ABOUT THIS TASK —
The lines below, from the one holding "Black Leather Bomber" through the one holding "Visualizar 2019: Anais", are to be restated word for word, with all images left out.

DATA TO USE —
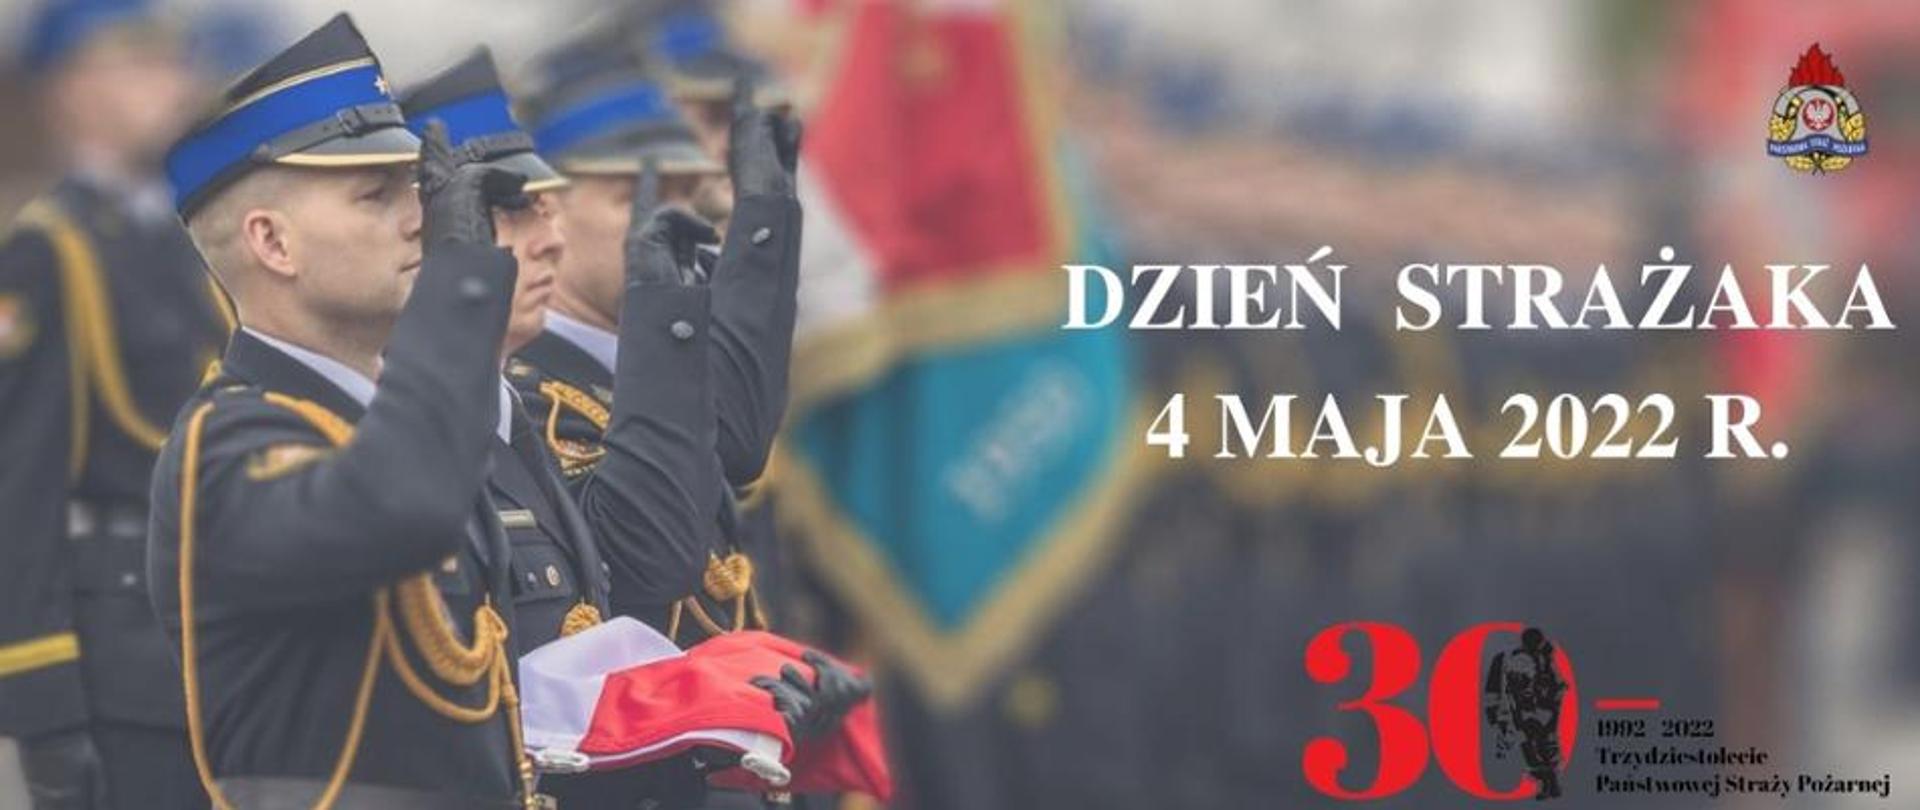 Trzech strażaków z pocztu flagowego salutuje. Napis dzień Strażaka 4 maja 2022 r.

* * *

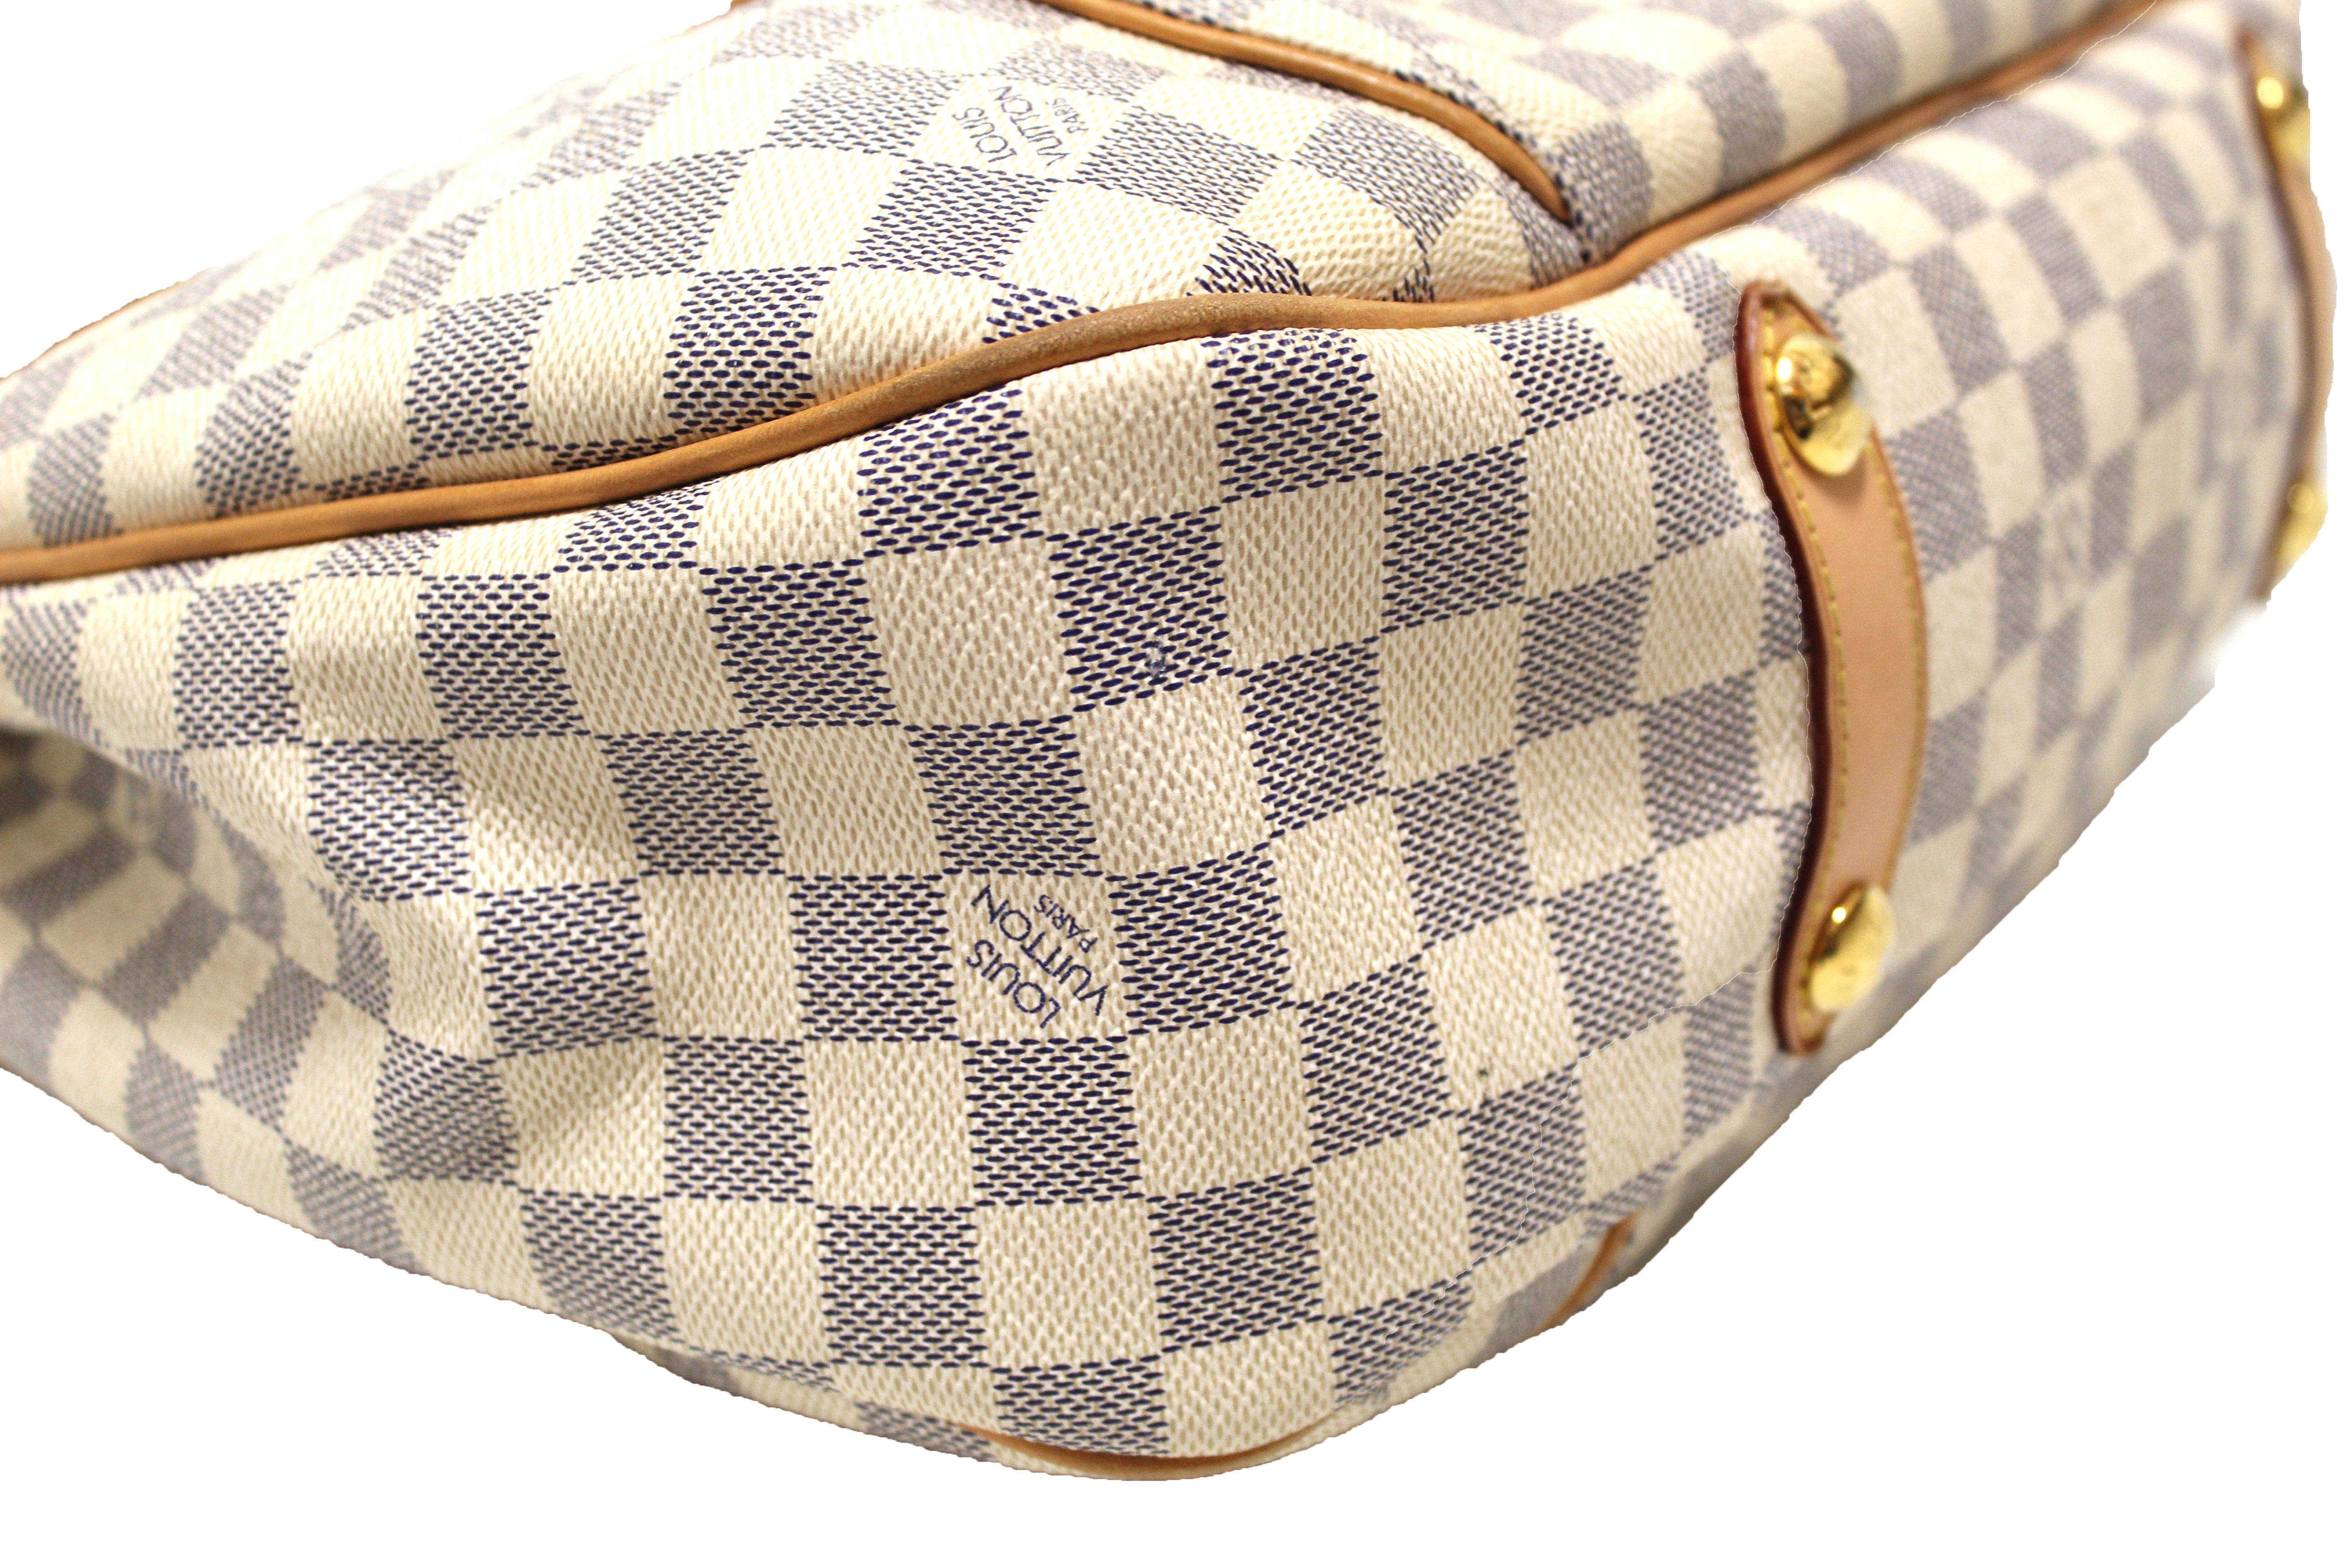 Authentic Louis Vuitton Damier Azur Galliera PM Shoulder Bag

==

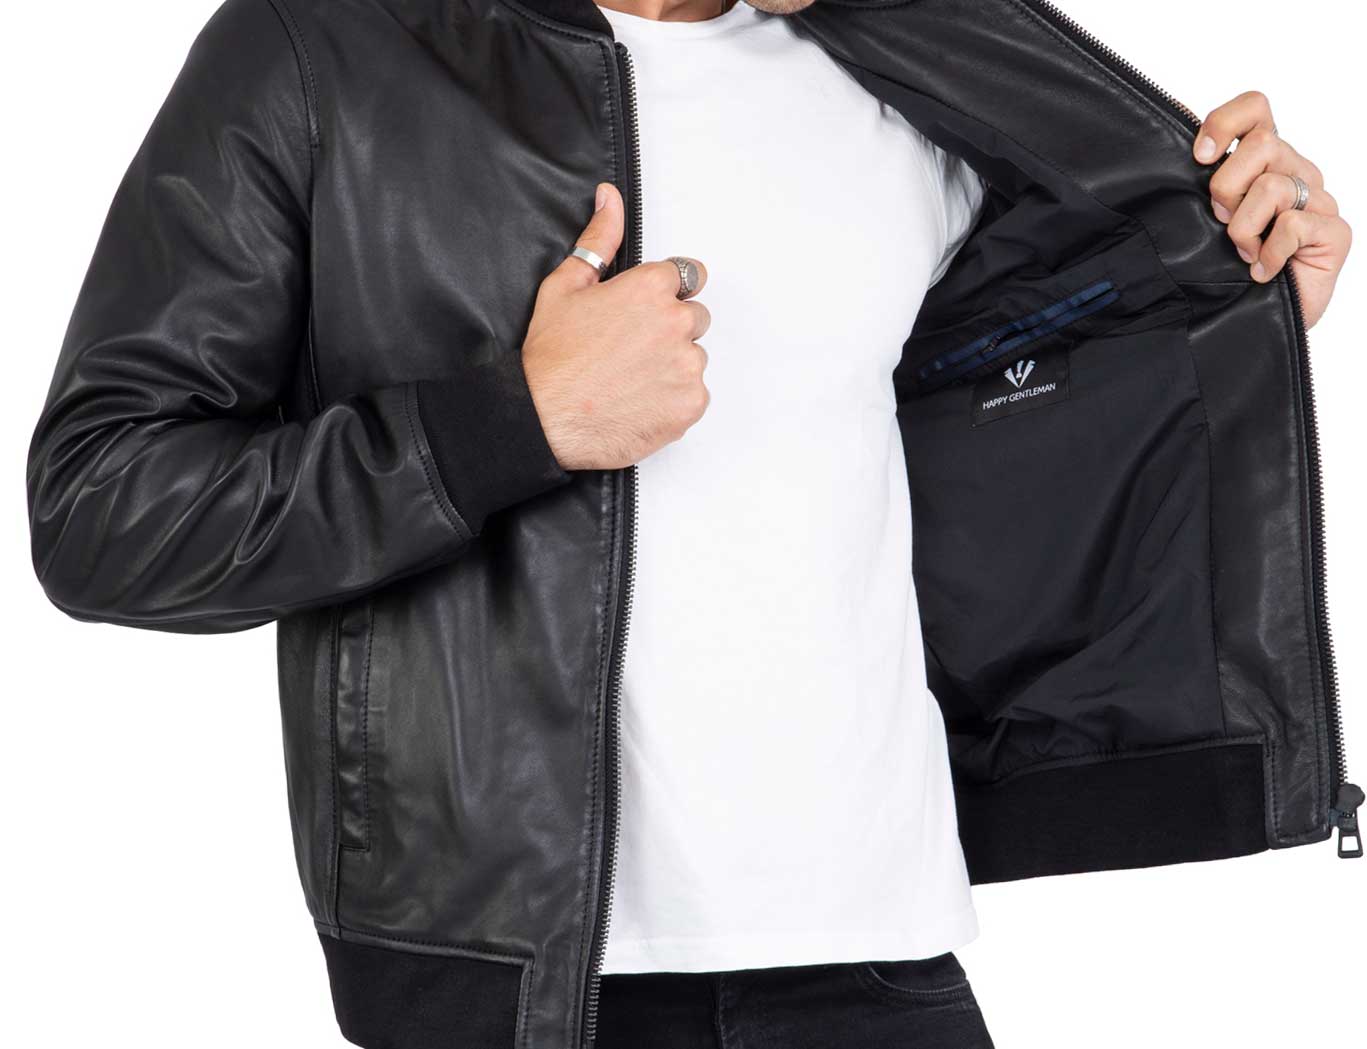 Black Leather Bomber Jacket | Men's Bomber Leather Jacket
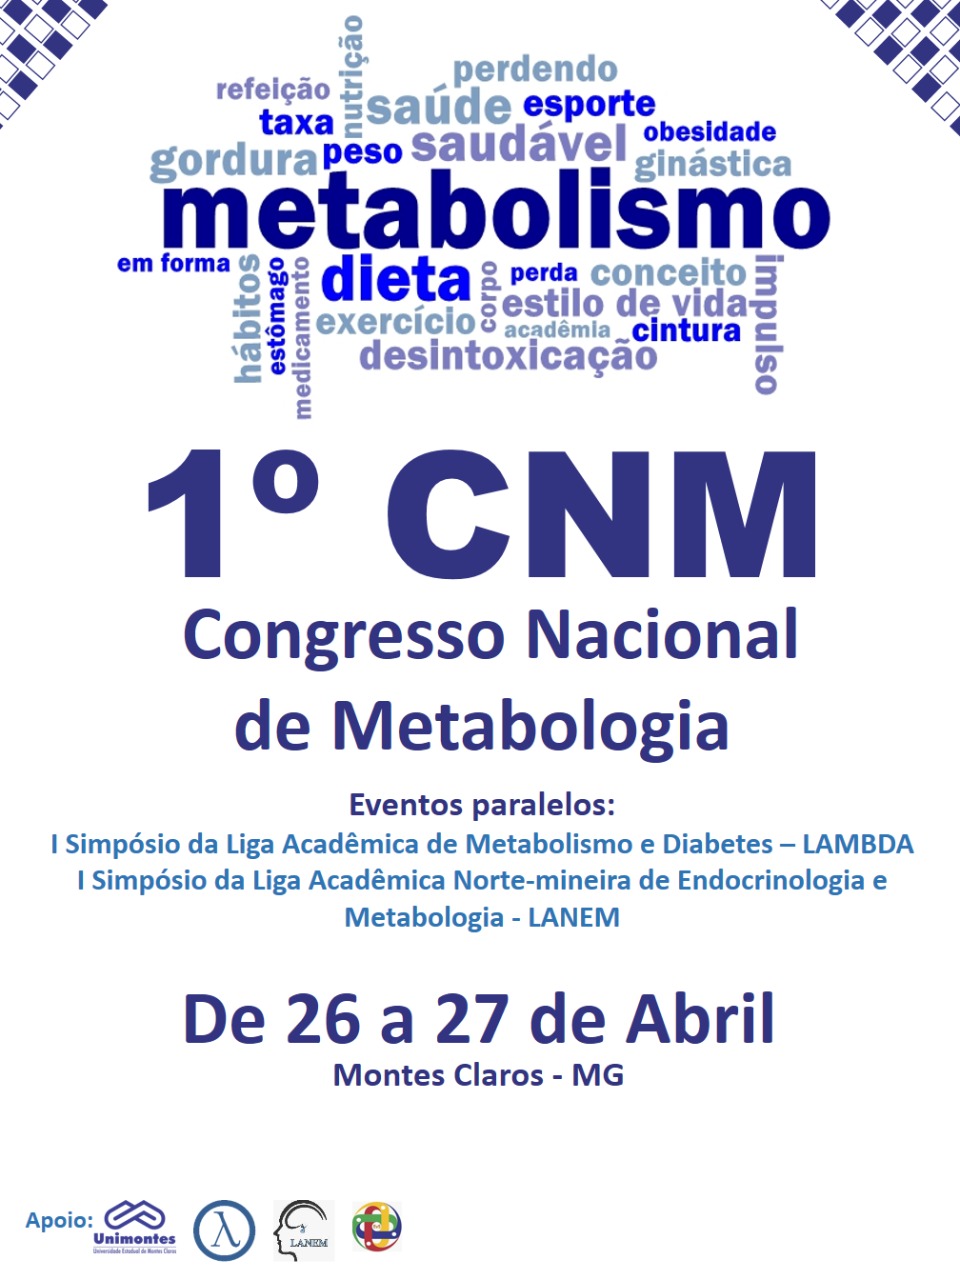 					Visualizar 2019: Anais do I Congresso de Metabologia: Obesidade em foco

PROBLEM SOLUTION —
 Black Leather Bomber Jacket | Men's Bomber Leather Jacket
 					Visualizar 2019: Anais do I Congresso de Metabologia: Obesidade em foco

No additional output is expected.